▸ WHAT IS NEEDED: Pictures are to be dropped from the copy. Retype the listing exactly.

▸ INFORMATION PROVIDED:

◆ ◆ ◆

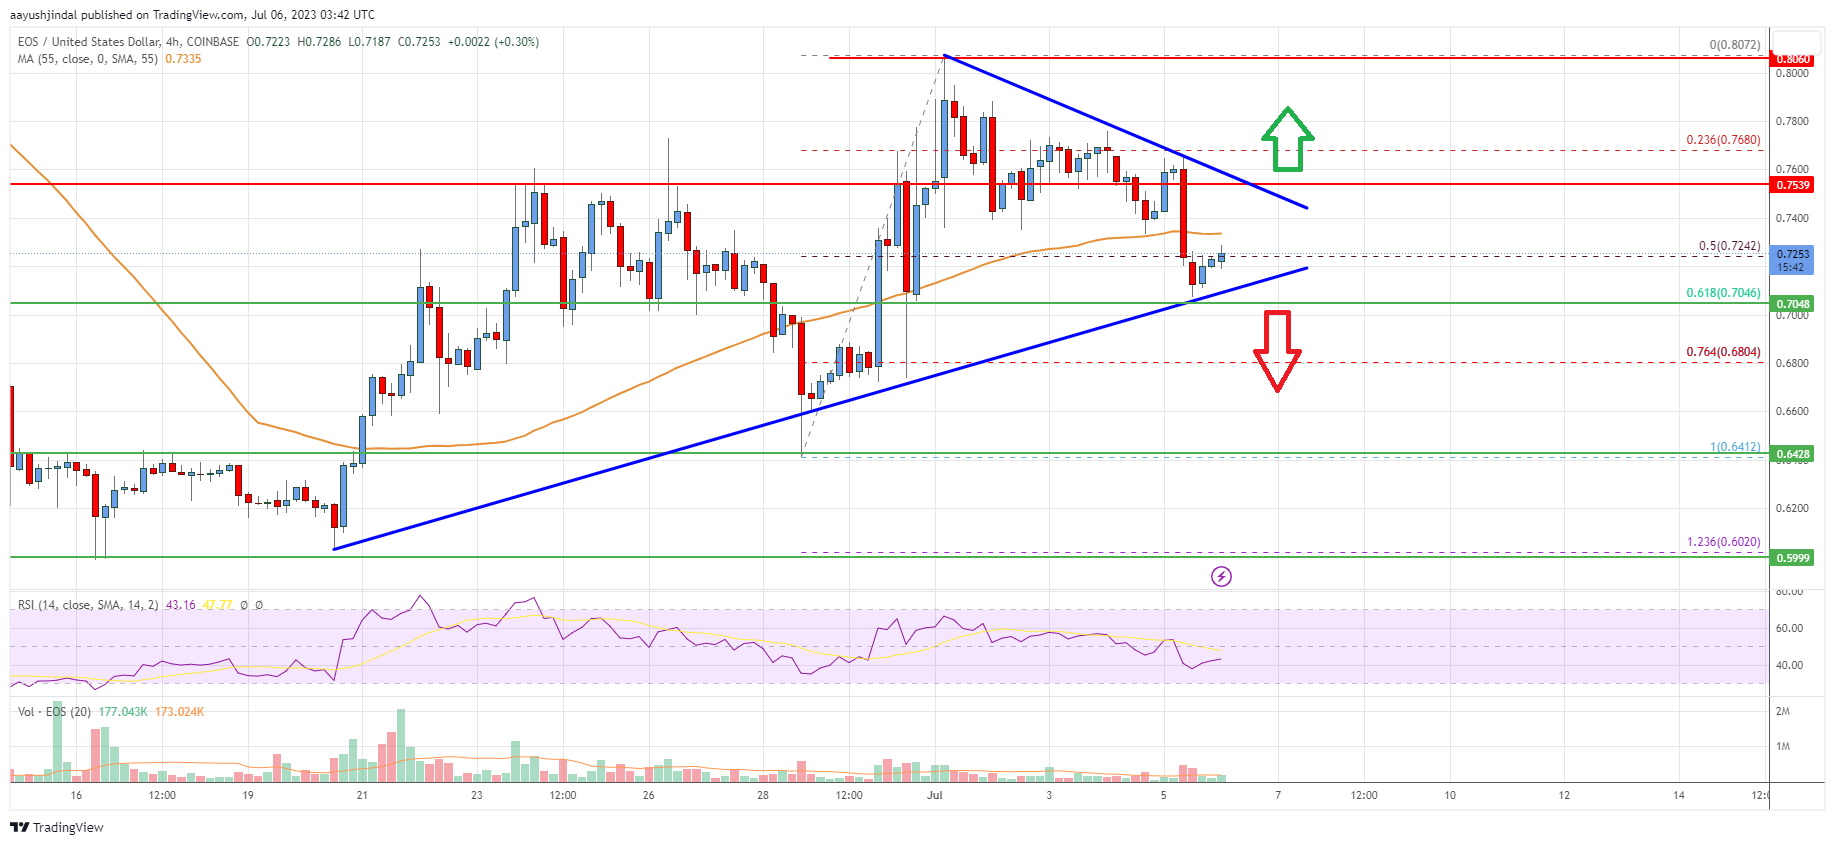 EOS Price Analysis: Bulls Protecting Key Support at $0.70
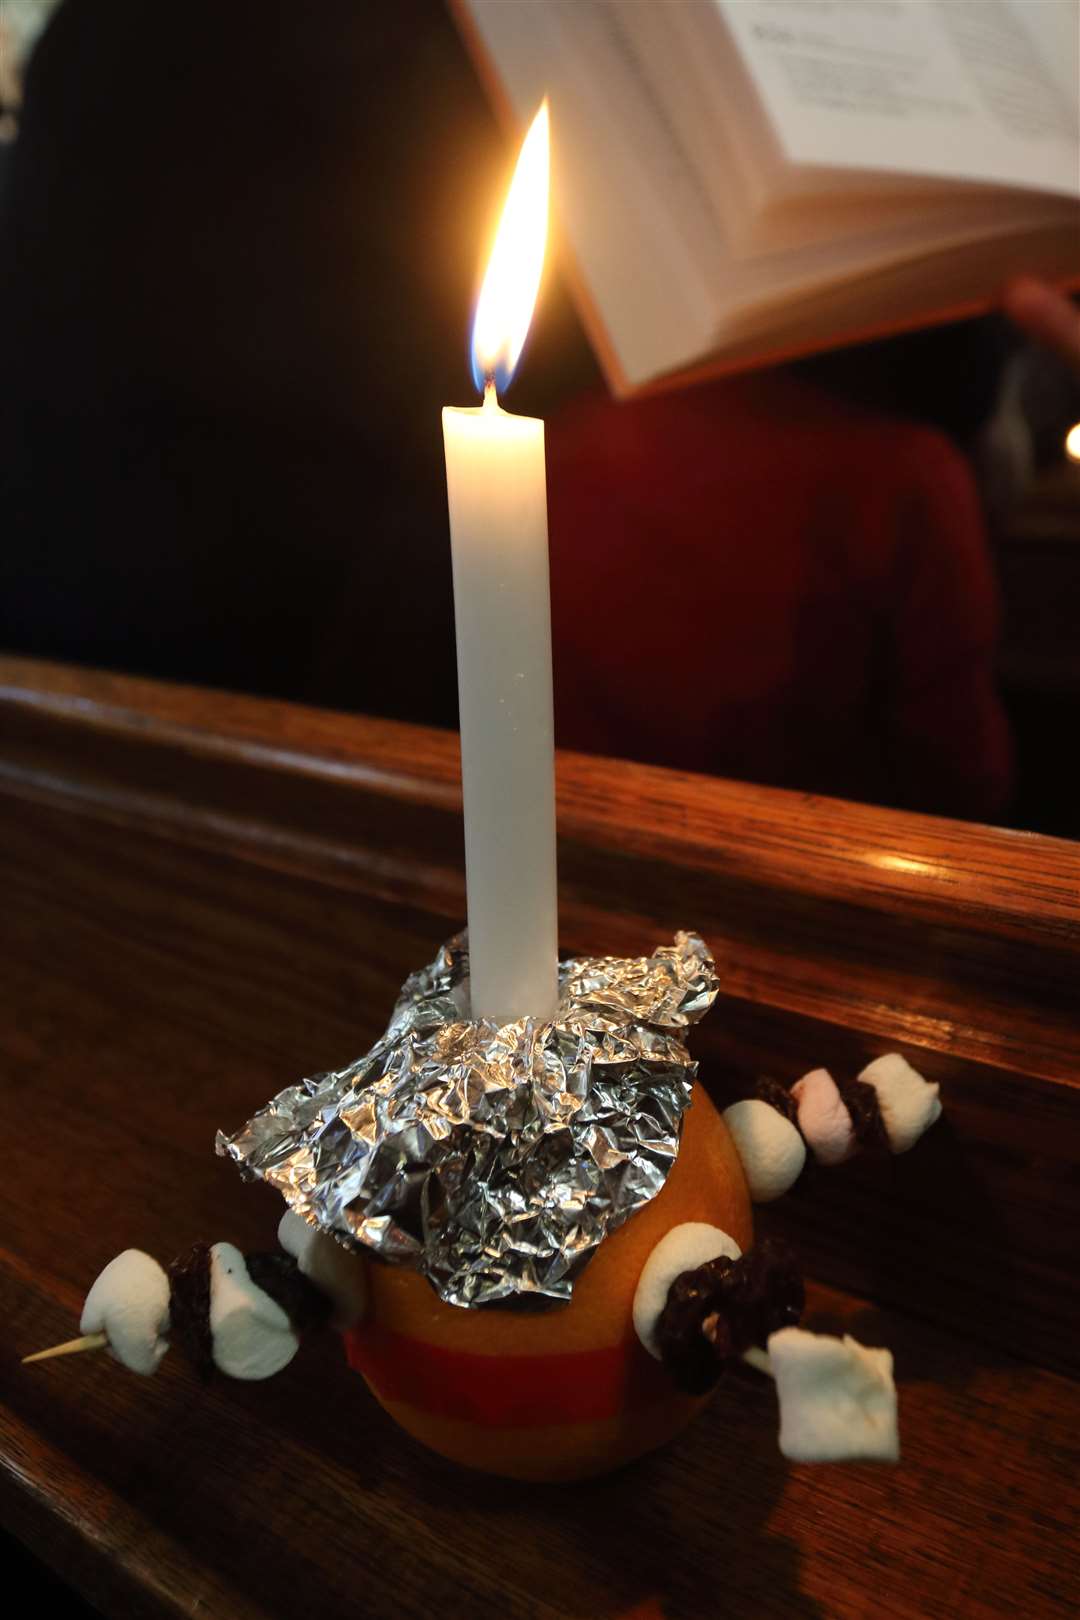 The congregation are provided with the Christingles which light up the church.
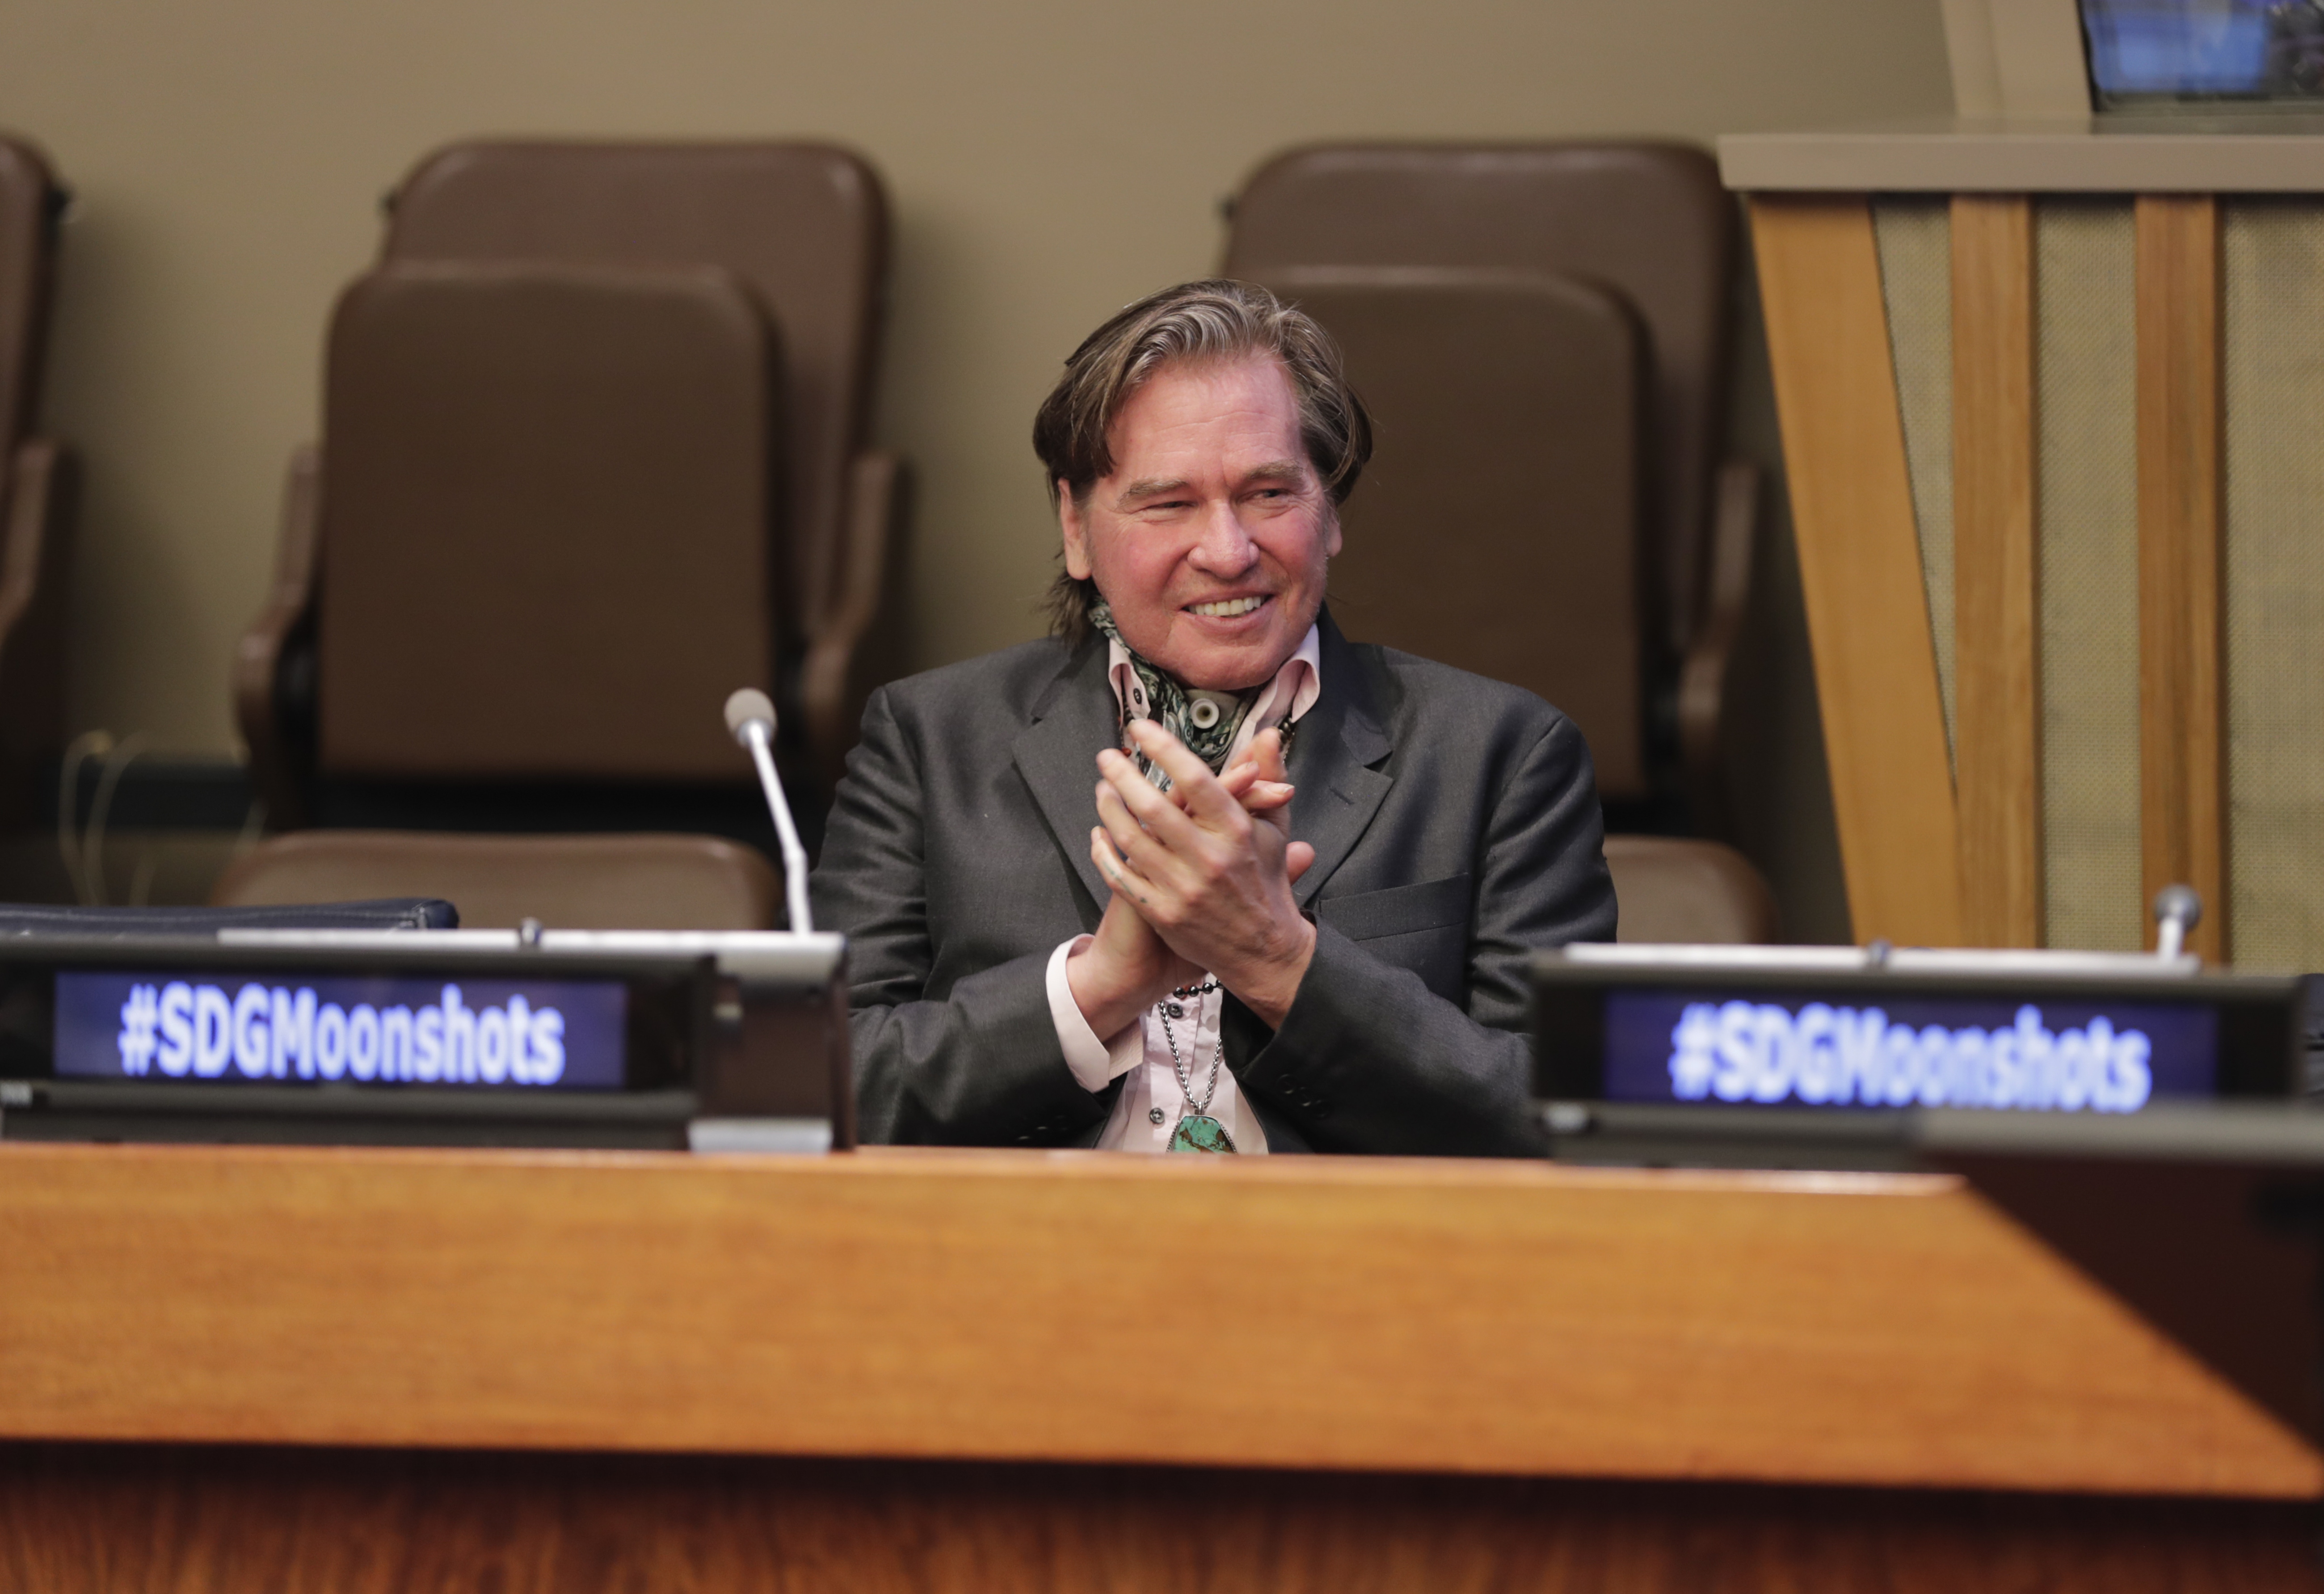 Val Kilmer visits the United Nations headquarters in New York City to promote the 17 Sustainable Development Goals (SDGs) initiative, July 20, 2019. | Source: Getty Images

◆ ◆ ◆

▸ SOLUTION TO THE EXERCISE:
 EOS Price Analysis: Bulls Protecting Key Support at $0.70
 The congregation are provided with the Christingles which light up the church.
 Val Kilmer visits the United Nations headquarters in New York City to promote the 17 Sustainable Development Goals (SDGs) initiative, July 20, 2019. | Source: Getty Images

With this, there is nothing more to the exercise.